KOMO-TV Seattle logo KOMO-TV Seattle 5/8/2021 Matt Markovich, KOMO News Reporter

James has been living on pavement with dozens of other unsheltered people on what was a parking lot behind Olympia’s transit center.

“My move was just this side of where that orange tent is," James said walking through what’s called the Downtown Mitigation Site.

“This is where I was, right next to the drain” he says pointing down to the ground.

Now that spot is surrounded by 8ft. by 8ft. tiny homes.

“I’ve had my hands on everyone," he said.

James is one of many residents a part of a coordinated public-private partnerships to build 60 tiny homes, many of them going to the Downtown Mitigation site.

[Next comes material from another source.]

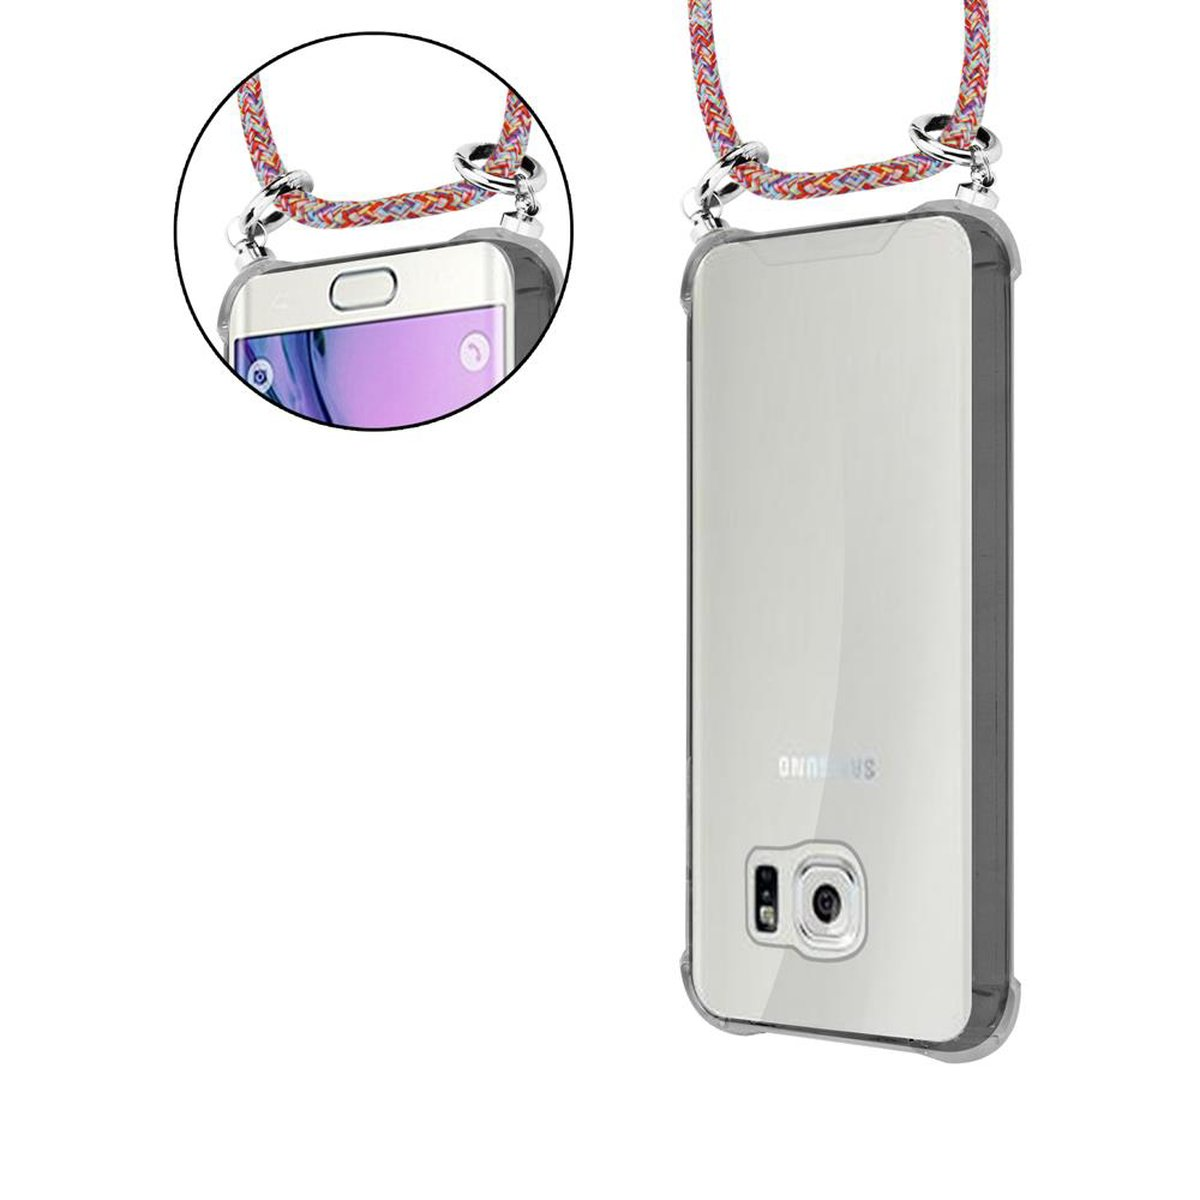 Handy abnehmbarer Silber COLORFUL Ringen, Hülle, Samsung, S6, mit Galaxy und Band Kette PARROT CADORABO Kordel Backcover,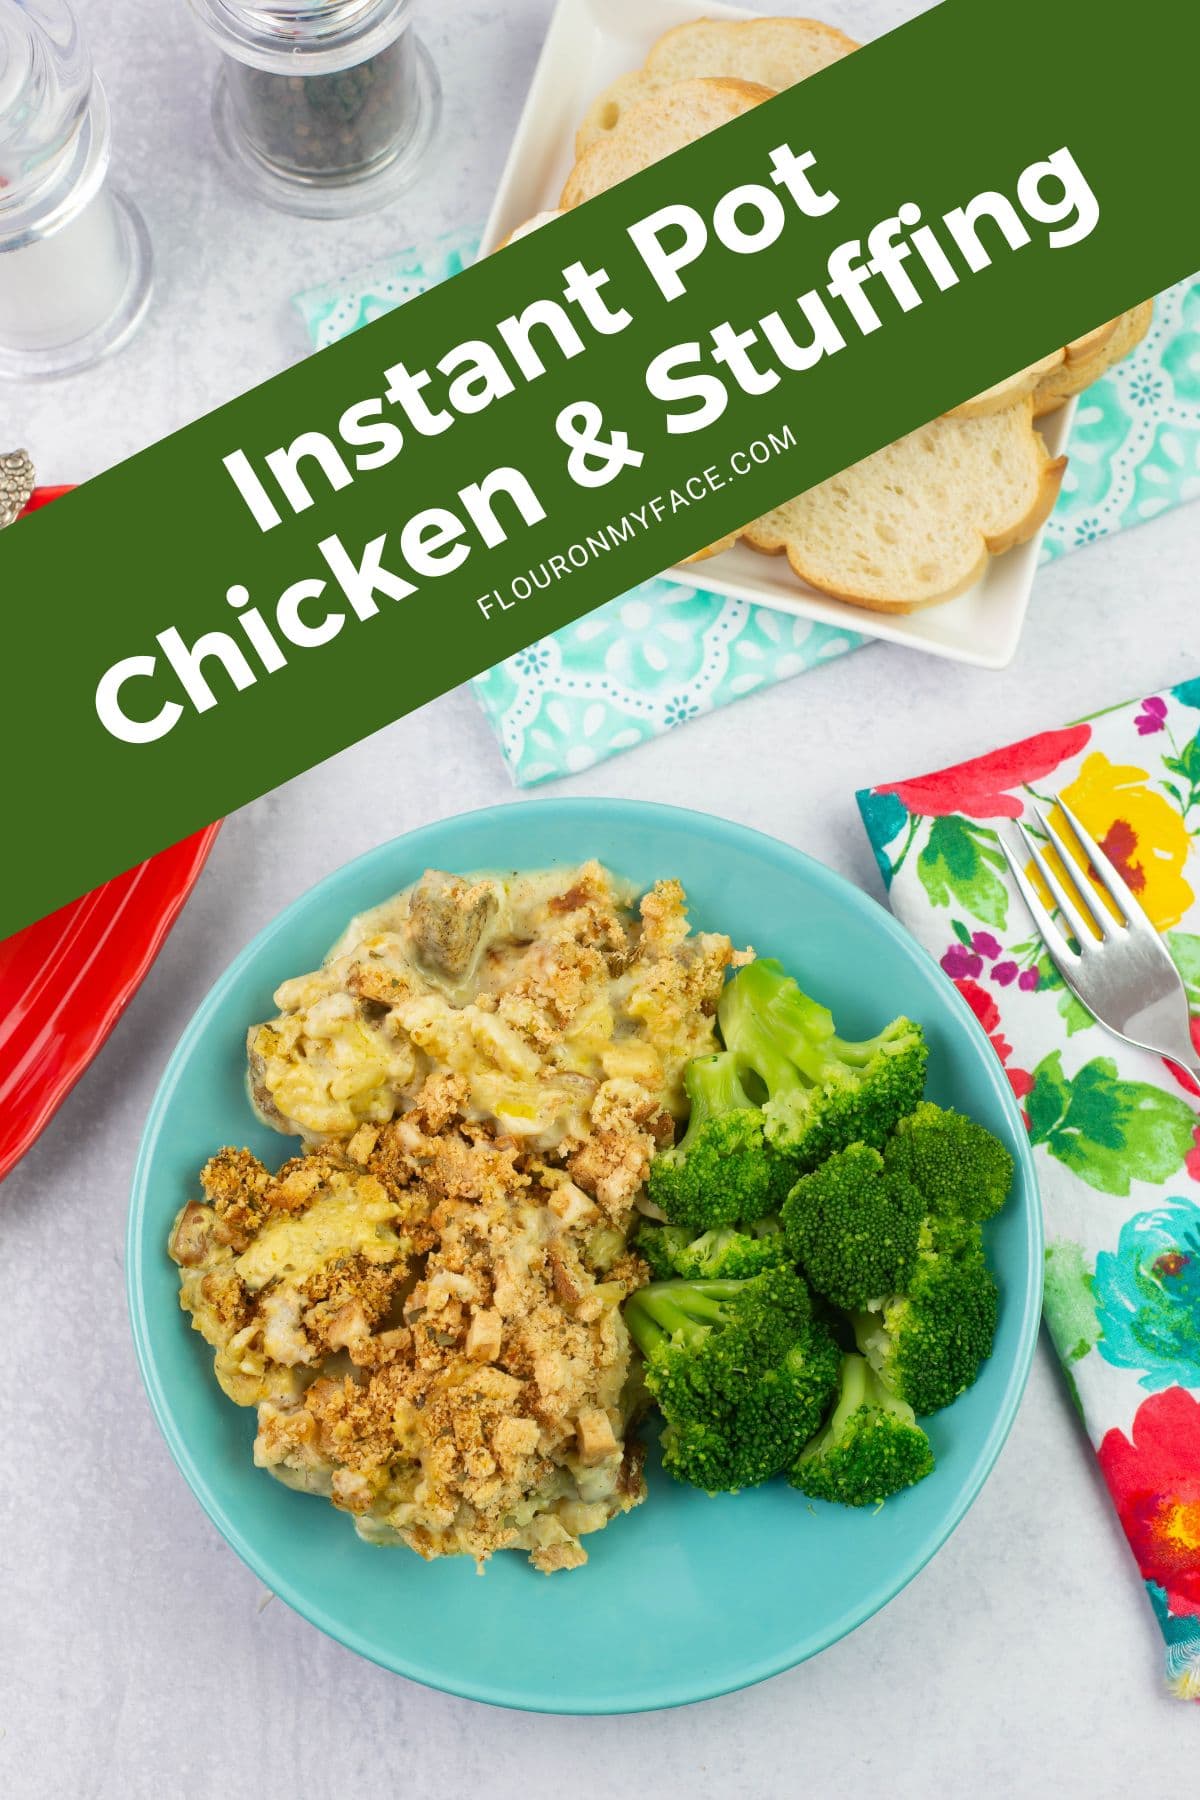 Instant Pot Chicken and Stuffing in a bowl with broccoli.

But what makes this build different from other like it, is how the homes were made, in a Henry Ford style factory created inside a caverness warehouse at the Port of Olympia four blocks away.

“We basically made a big flow," said Jimmy Materson of Earth Homes. 

It’s called the quartermaster because his job was to set up the factory and get everything working together. Now that we got the flow going, we can basically make 10 or 11 or 12 a week and if we had more people, we can make 15 a week."

The concept is simple. Make an efficient, well-insulated tiny home in away anybody can make.

“Turn it into a sort of Ikea assembly manual and make it even more accessible for everyone to put these together," said Earth Homes CEO Aaron Sauerhoff.

Caption: KOMO

A key to the build is using a standard building practice known as SIP, structural insulated panels, a plywood sandwich of sorts.

“You have plywood, foam, plywood, you glue it and squish it together and you have this super rigid torsion bar structure," Materson said.

Materials were gathered at or below costs. Doors and roofs were donated, and the labor is volunteer, both skilled and unskilled.

“Anybody can show up, put PPE on and cut wood, glue foam and drill and staple, we call it ‘brain proof," said Earth Homes volunteer coordinator and administrator Robi Verdande.

“I've been a part of a lot of volunteer things over the years and this is so well organized and so clear, and anybody can step in," said volunteer Mary Campbell. “It’s hard to watch my house value go up and then drive past people who are sleeping on the streets, it’s not right.”

When the homes are finished, longshoremen working at the Port volunteer their time and equipment to move the homes the four blocks to the Mitigation Site.

“It’s a need that has to be done so we like to help," said Jeff Churchill, a longshoreman who drives a log stacker.

On this day, Shawnne Smith, another site resident who has spent days building homes was at the receiving end of a home being placed into the site by a huge forklift.

He’s been at the site for 16 months, most of the time in a tent on the hard ground.

“To transition from the tent into something warmer and drier, is to feel more human again," Smith said.

Sauerhoff said a completed home costs about $1300 to build and the market rate of the home is about $3000.

“This model is replicable," Sauerhoff said. "It’s very scalable. It’s simple, effective and i want to help other cities pull this off and make it happen."

None of the homes are intended to be permanent, but in a day where cities are feeling the need for emergency shelter housing and do it quickly, Olympia’s Ikea inspired, insulated volunteer factory built tiny homes maybe a solution.

“We need these kind of centers regionally all over the place, making enough units to get people off the street," Mateson said.

For James, his new home he helped build and received three days earlier provides something most people take for granted; a locked door.

“It’s priceless," James said. 

Privacy and security are just as important as a roof over your head.